Шрифт:
Интервал:
Закладка:
Затем опять потянулся роман, и вот, к некоторому удивлению моему, я встретил в шестой части романа сцену, отвечающую настоящей «злобе дня» и, главное, явившуюся не намеренно, не тенденциозно, а именно из самой художественной сущности романа. Тем не менее, повторяю это, для меня это было неожиданно и несколько меня удивило: такой «злобы дня» я все-таки не ожидал. Я почему-то не думал, что автор решится довести своих героев в их развитии до таких «столпов». Правда, в столпах-то этих, в этой крайности вывода и весь смысл действительности, а без того роман имел бы вид даже неопределенный, далеко не соответствующий ни текущим, ни существенным интересам русским: был бы нарисован какой-то уголок жизни, с намеренным игнорированием самого главного и самого тревожного в этой же жизни.
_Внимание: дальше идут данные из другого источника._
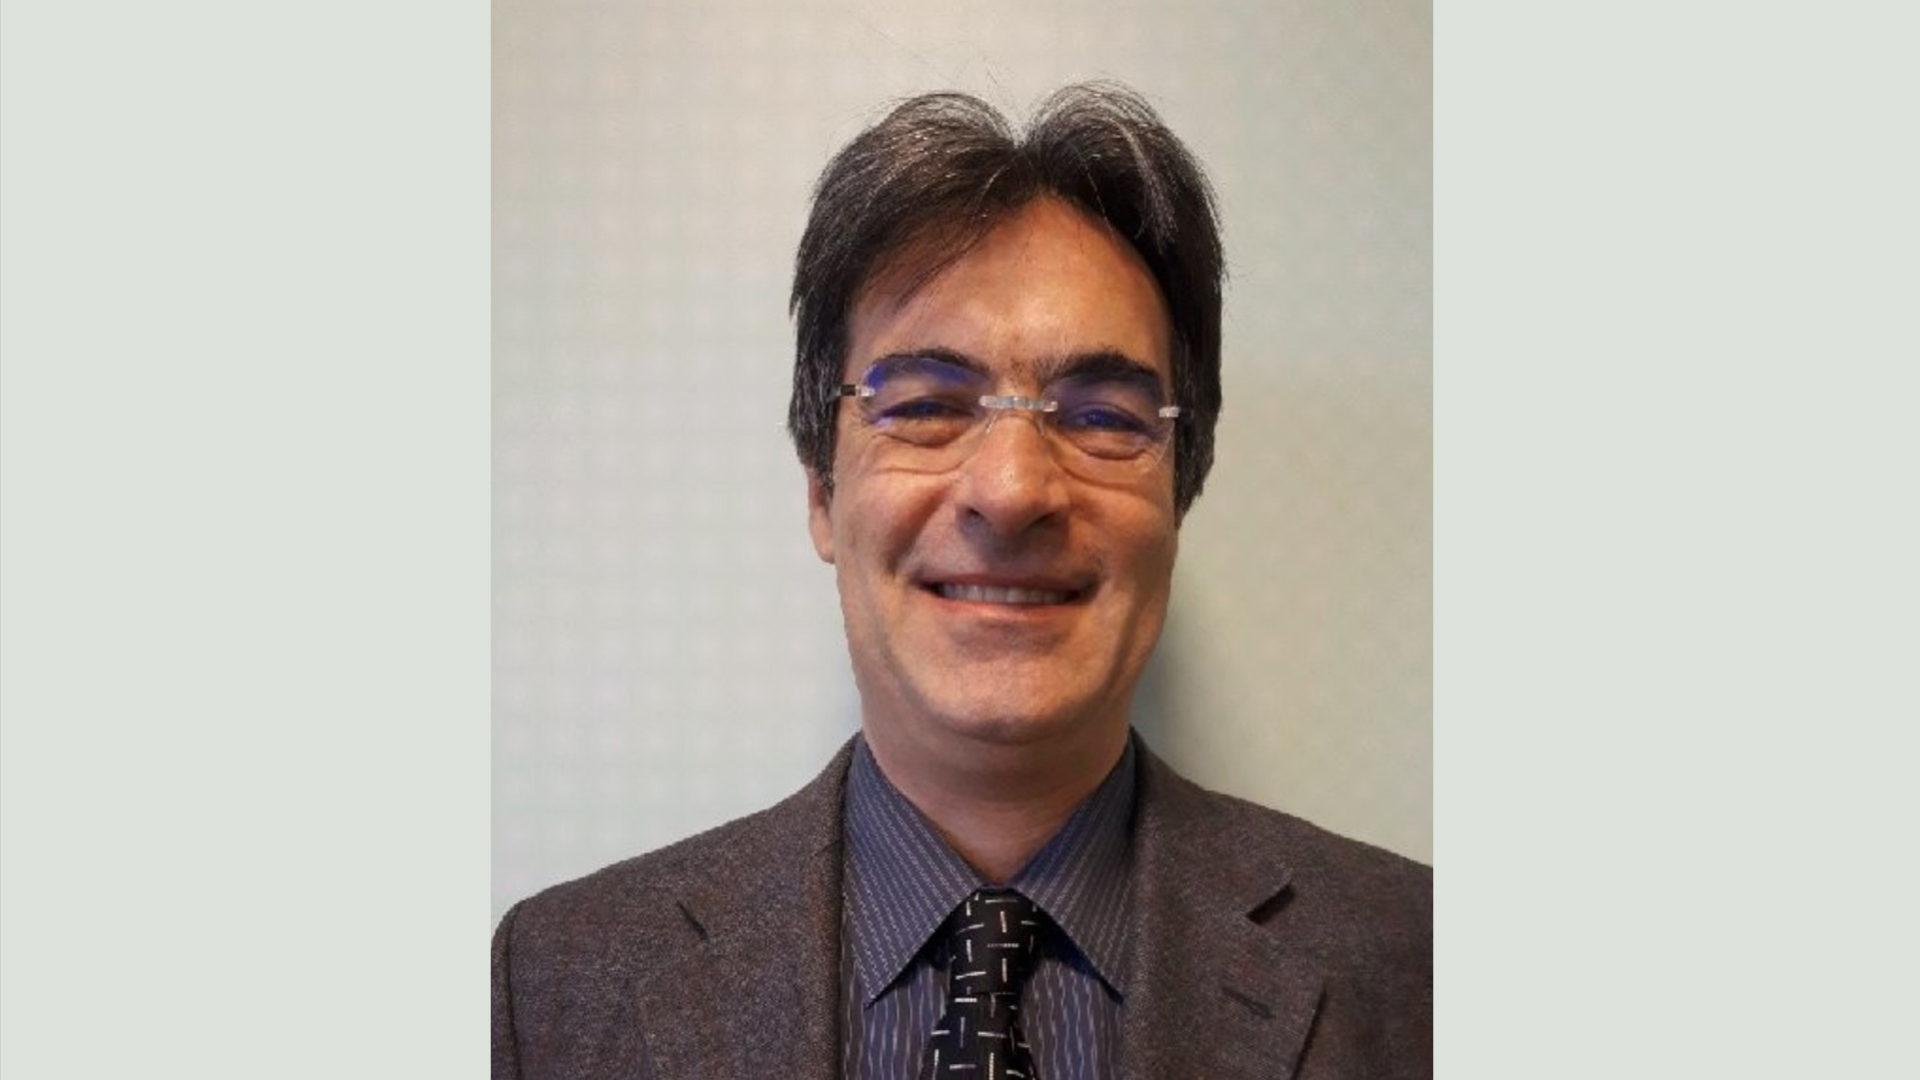 foto Giuseppe Sindoni ha parlato di Data governance e analytics

Впрочем, я, кажется, пускаюсь решительно в критику, а это не мое дело. Я только хотел указать на одну сцену. Больше ничего как обозначились два лица с той именно стороны, с которой они наиболее для нас теперь могут быть характерны, и, тем самым, тот тип людей, к которому принадлежат эти два лица, поставлен автором на самую любопытнейшую точку в наших глазах в их современном социальном значении.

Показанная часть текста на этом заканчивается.